The Advantages and Challenges of Incorporating AI into Medical Decision-Making
Researchers at the National Institutes of Health (NIH) found that an AI model achieved high accuracy on a medical quiz designed to evaluate the ability to diagnose patients based on clinical images and brief text summaries. However, physician-graders identified errors in the AI model's explanations of the images and its reasoning for arriving at the correct answers. These findings, which highlight both the potential and limitations of AI in clinical settings, were published in npj Digital Medicine. The study was conducted by researchers from NIH’s National Library of Medicine (NLM) and Weill Cornell Medicine, New York City.
“Integrating AI into healthcare offers significant promise as a tool to help medical professionals diagnose patients more quickly and initiate treatment sooner,” said Stephen Sherry, PhD, acting director of NLM. “However, as this study demonstrates, AI is not yet advanced enough to replace human experience, which remains crucial for accurate diagnosis.”
Figure 1. AI in Medical Decision-Making
The AI model and human physicians answered questions from the New England Journal of Medicine (NEJM)’s Image Challenge, an online quiz featuring real clinical images and brief text descriptions detailing patient symptoms and presentation. Participants are asked to select the correct diagnosis from multiple-choice options. Figure 1 shows AI in Medical Decision-Making.
Researchers assigned the AI model 207 Image Challenge questions, requiring it to provide a written rationale for each answer. The prompt instructed that the rationale should include a description of the image, a summary of relevant medical knowledge, and a step-by-step explanation of how the model arrived at its answer.
Nine physicians from various institutions, each specializing in different medical fields, were recruited to answer the questions. They first completed the quiz in a “closed-book” setting (without external resources) and then in an “open-book” setting (using external resources). Afterward, the researchers provided the physicians with the correct answers, the AI model’s answers, and its rationale. The physicians were then asked to evaluate the AI model's performance in describing the images, summarizing relevant medical knowledge, and explaining its reasoning.
The study found that both the AI model and the physicians performed well in selecting the correct diagnosis. Notably, the AI model achieved a higher rate of correct diagnoses than physicians in the closed-book setting.
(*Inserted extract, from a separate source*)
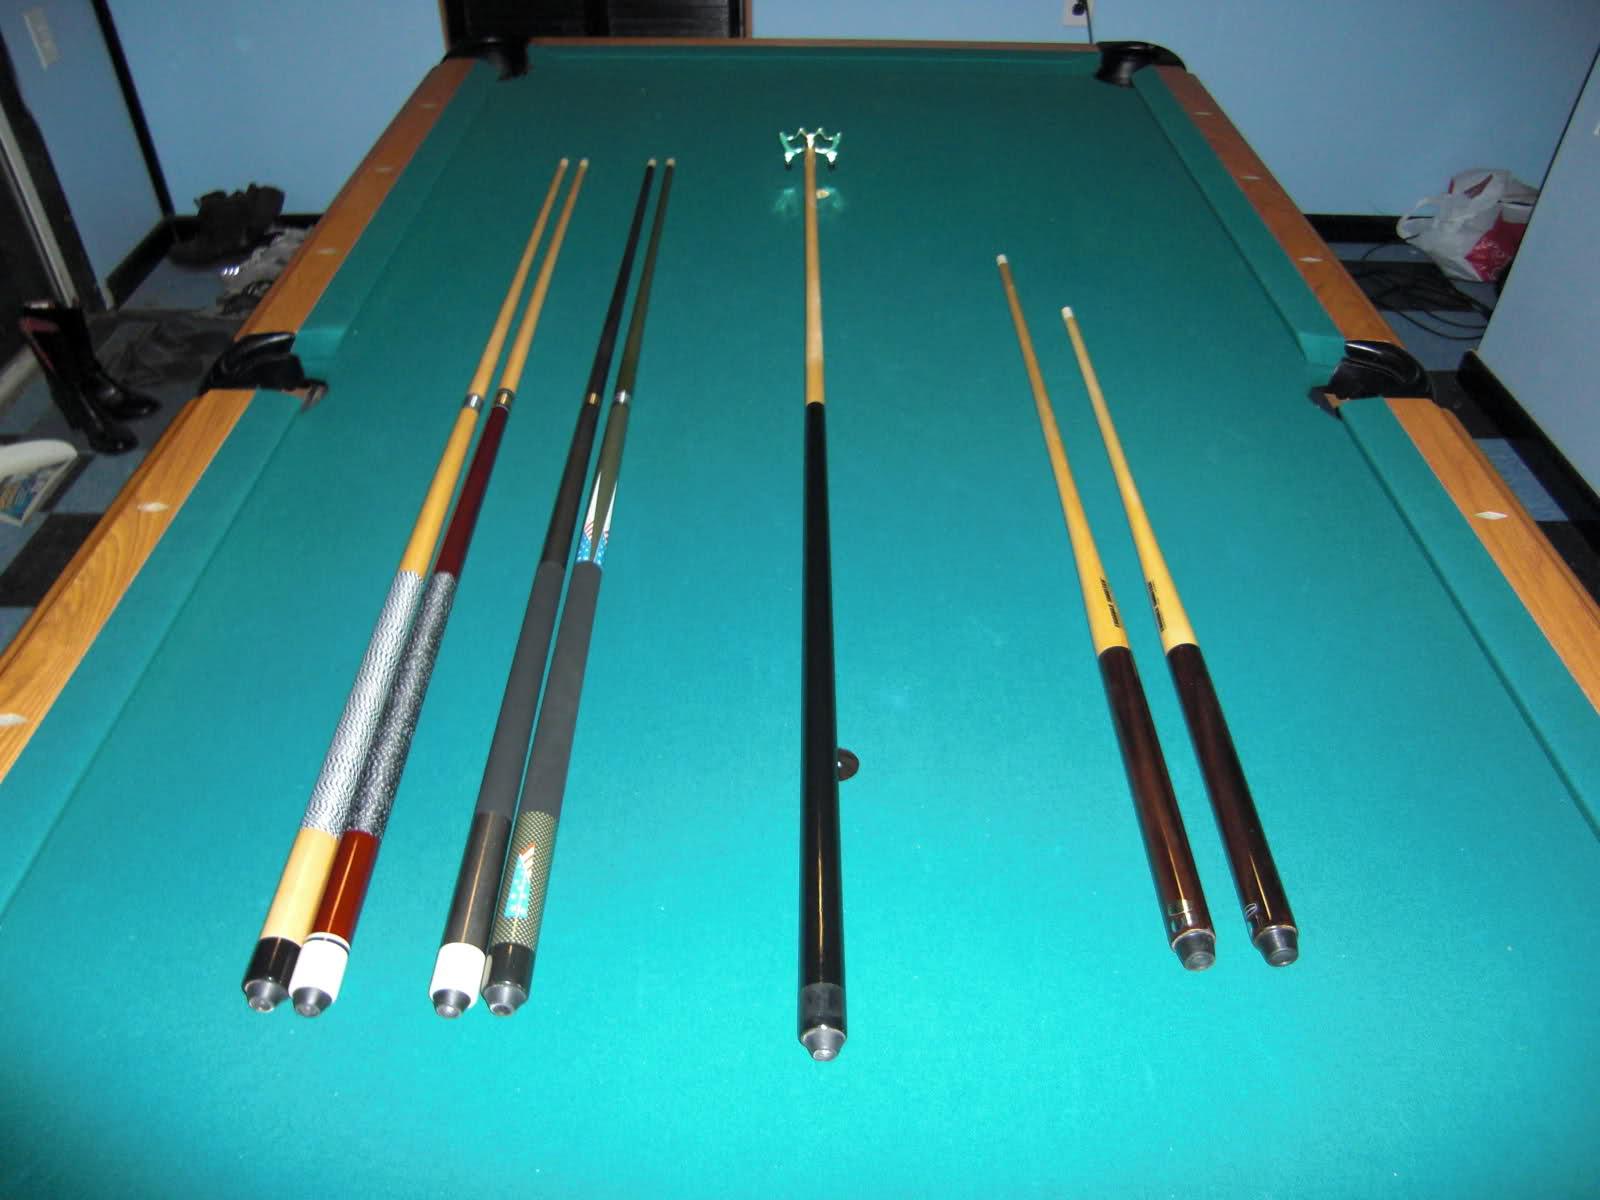 Pool Tables for Sale Walmart | Mizerak Pool Table | Mizerak Bumper Pool Table

However, physicians using open-book resources outperformed the AI model, particularly on the more challenging questions.
Importantly, physician evaluations revealed that the AI model frequently erred in describing medical images and explaining its reasoning, even when it correctly identified the diagnosis. For instance, in one case, the AI model was shown a photo of a patient’s arm with two lesions. Although a physician would recognize that both lesions were caused by the same condition, the AI model struggled because the lesions appeared differently due to their angles, creating an illusion of varying colors and shapes. As a result, the AI model failed to connect the lesions to the same diagnosis.
The researchers emphasize the need for further evaluation of multi-modal AI technology before its clinical implementation.
“This technology has the potential to enhance clinicians’ capabilities with data-driven insights, potentially leading to improved clinical decision-making,” said Zhiyong Lu, PhD, NLM Senior Investigator and corresponding author of the study. “Understanding the risks and limitations of this technology is crucial for effectively harnessing its potential in medicine.”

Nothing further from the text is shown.